Nonparametric prediction intervals can be computed for fitted workflow objects using the conformal inference method described by Lei at al (2018).

Usage

int_conformal_full(object, ...)

# S3 method for default
int_conformal_full(object, ...)

# S3 method for workflow
int_conformal_full(object, train_data, ..., control = control_conformal_full())

Arguments

object

A fitted workflows::workflow() object.

...

Not currently used.

train_data

A data frame with the original predictor data used to create the fitted workflow (predictors and outcomes). If the workflow does not contain these values, pass them here. If the workflow used a recipe, this should be the data that were inputs to the recipe (and not the product of a recipe).

control

A control object from control_conformal_full() with the numeric minutiae.

Value

An object of class "int_conformal_full" containing the information to create intervals (which includes the training set data). The predict()

method is used to produce the intervals.

Details

This function implements what is usually called "full conformal inference" (see Algorithm 1 in Lei et al (2018)) since it uses the entire training set to compute the intervals.

This function prepares the objects for the computations. The predict() method computes the intervals for new data.

For a given new_data observation, the predictors are appended to the original training set. Then, different "trial" values of the outcome are substituted in for that observation's outcome and the model is re-fit.
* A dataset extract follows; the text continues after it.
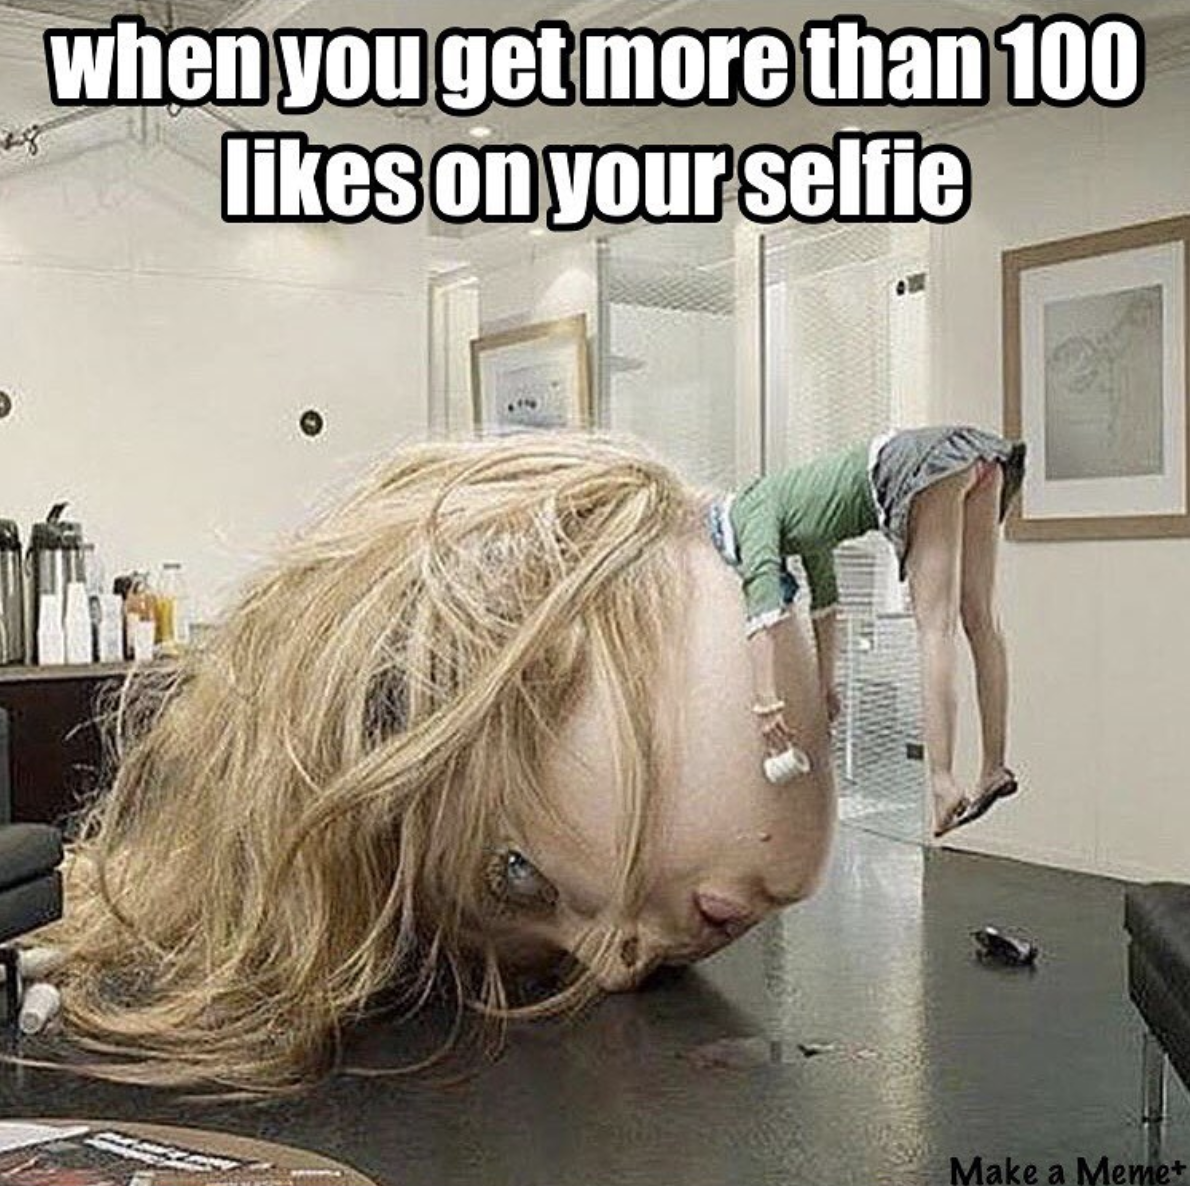 17 Memes Thatll Make Anyone Obsessed With Selfies Say Same

From each model, the residual associated with the trial value is compared to a quantile of the distribution of the other residuals. Usually the absolute values of the residuals are used. Once the residual of a trial value exceeds the distributional quantile, the value is one of the bounds.

The literature proposed using a grid search of trial values to find the two points that correspond to the prediction intervals. To use this approach, set method = "grid" in control_conformal_full(). However, the default method "search uses two different one-dimensional iterative searches on either side of the predicted value to find values that correspond to the prediction intervals.
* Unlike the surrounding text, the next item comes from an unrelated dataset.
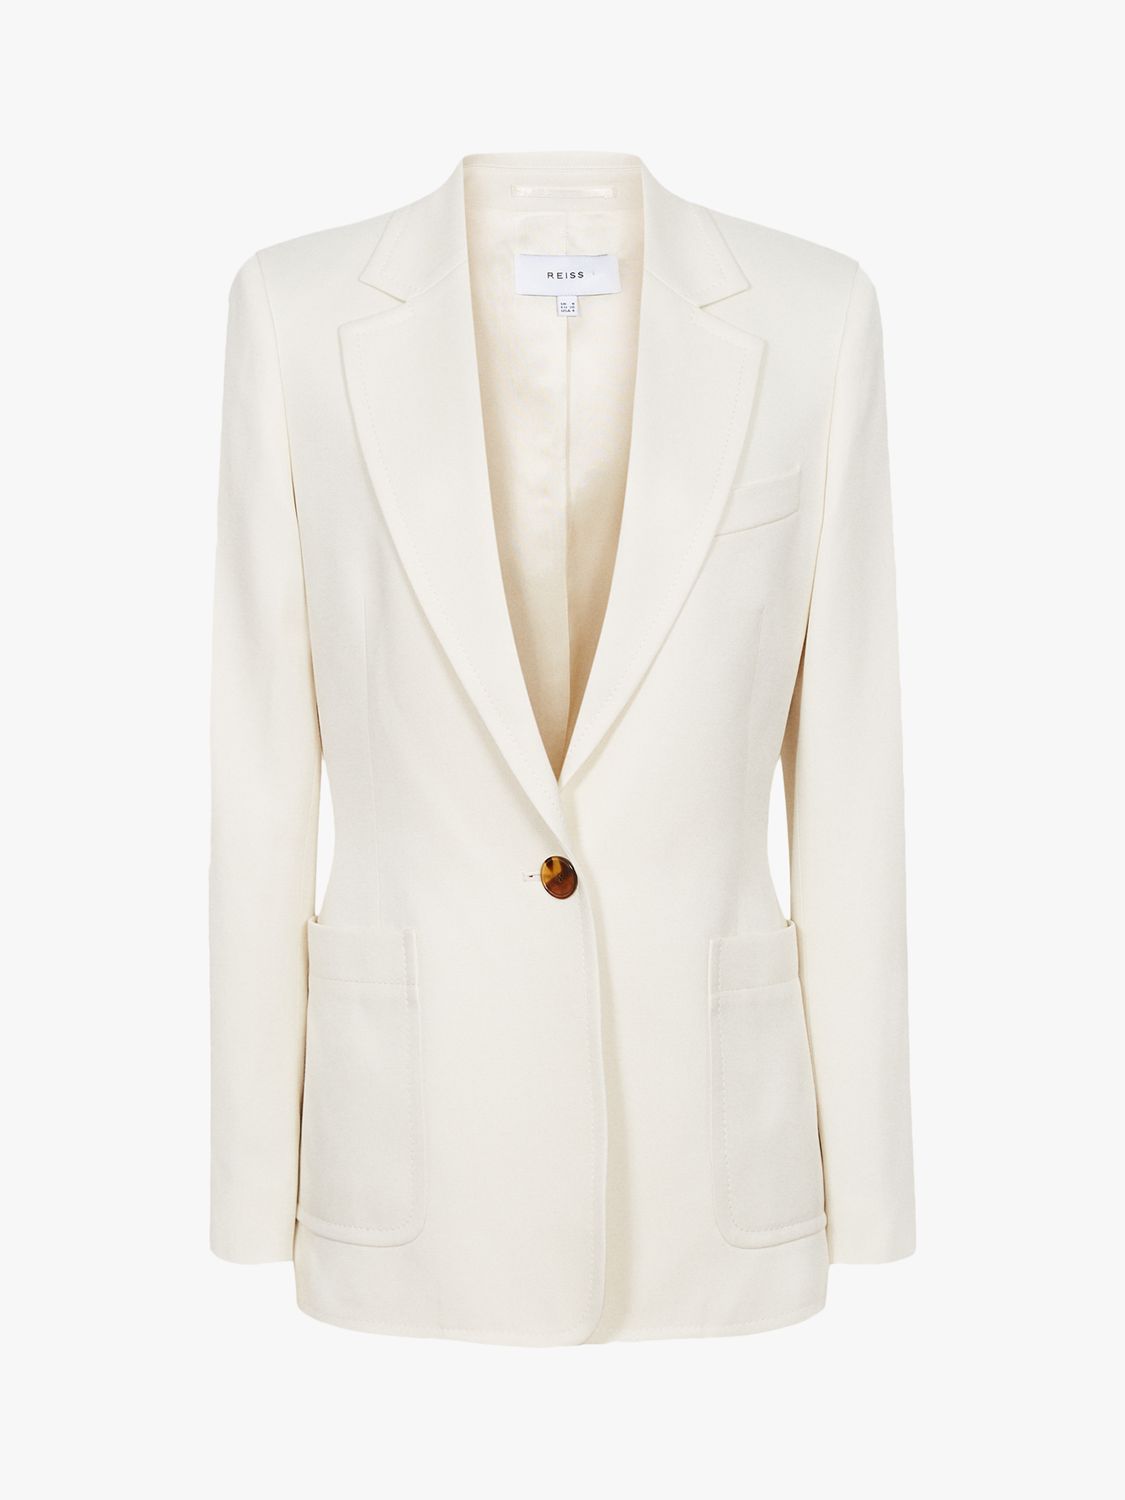 Reiss Ember Tailored Single Breasted Blazer, Cream at John Lewis & Partners

For medium to large data sets, the iterative search method is likely to generate slightly smaller intervals. For small training sets, grid search is more likely to have somewhat smaller intervals (and will be more stable). Otherwise, the iterative search method is more precise and several folds faster.

To determine a range of possible values of the intervals, used by both methods, the initial set of training set residuals are modeled using a Gamma generalized linear model with a log link (see the reference by Aitkin below). For a new sample, the absolute size of the residual is estimated and a multiple of this value is computed as an initial guess of the search boundaries.

Speed

The time it takes to compute the intervals depends on the training set size, search parameters (i.e., convergence criterion, number of iterations), the grid size, and the number of worker processes that are used. For the last item, the computations can be parallelized using the future and furrr packages.

To use parallelism, the future::plan() function can be invoked to create a parallel backend. For example, let’s make an initial workflow:

library(tidymodels)
library(probably)
library(future)

tidymodels_prefer()

## Make a fitted workflow from some simulated data:
set.seed(121)
train_dat <- sim_regression(200)
new_dat   <- sim_regression(  5) %>% select(-outcome)

lm_fit <- 
  workflow() %>% 
  add_model(linear_reg()) %>% 
  add_formula(outcome ~ .) %>% 
  fit(data = train_dat)

# Create the object to be used to make prediction intervals
lm_conform <- int_conformal_full(lm_fit, train_dat)

We’ll use a "multisession" parallel processing plan to compute the intervals for the five new samples in parallel:

plan("multisession")

# This is run in parallel:
predict(lm_conform, new_dat)

## # A tibble: 5 x 2
##   .pred_lower .pred_upper
##         <dbl>       <dbl>
## 1       -17.9        59.6
## 2       -33.7        51.1
## 3       -30.6        48.2
## 4       -17.3        59.6
## 5       -23.3        55.2

Using simulations, there are slightly sub-linear speed-ups when using parallel processing to compute the row-wise intervals.

In comparison with parametric intervals:

predict(lm_fit, new_dat, type = "pred_int")

## # A tibble: 5 x 2
##   .pred_lower .pred_upper
##         <dbl>       <dbl>
## 1       -19.2        59.1
## 2       -31.8        49.7
## 3       -31.0        47.6
## 4       -17.8        60.1
## 5       -23.6        54.3

References

Jing Lei, Max G'Sell, Alessandro Rinaldo, Ryan J. Tibshirani and Larry Wasserman (2018) Distribution-Free Predictive Inference for Regression, Journal of the American Statistical Association, 113:523, 1094-1111

Murray Aitkin, Modelling Variance Heterogeneity in Normal Regression Using GLIM, Journal of the Royal Statistical Society Series C: Applied Statistics, Volume 36, Issue 3, November 1987, Pages 332–339.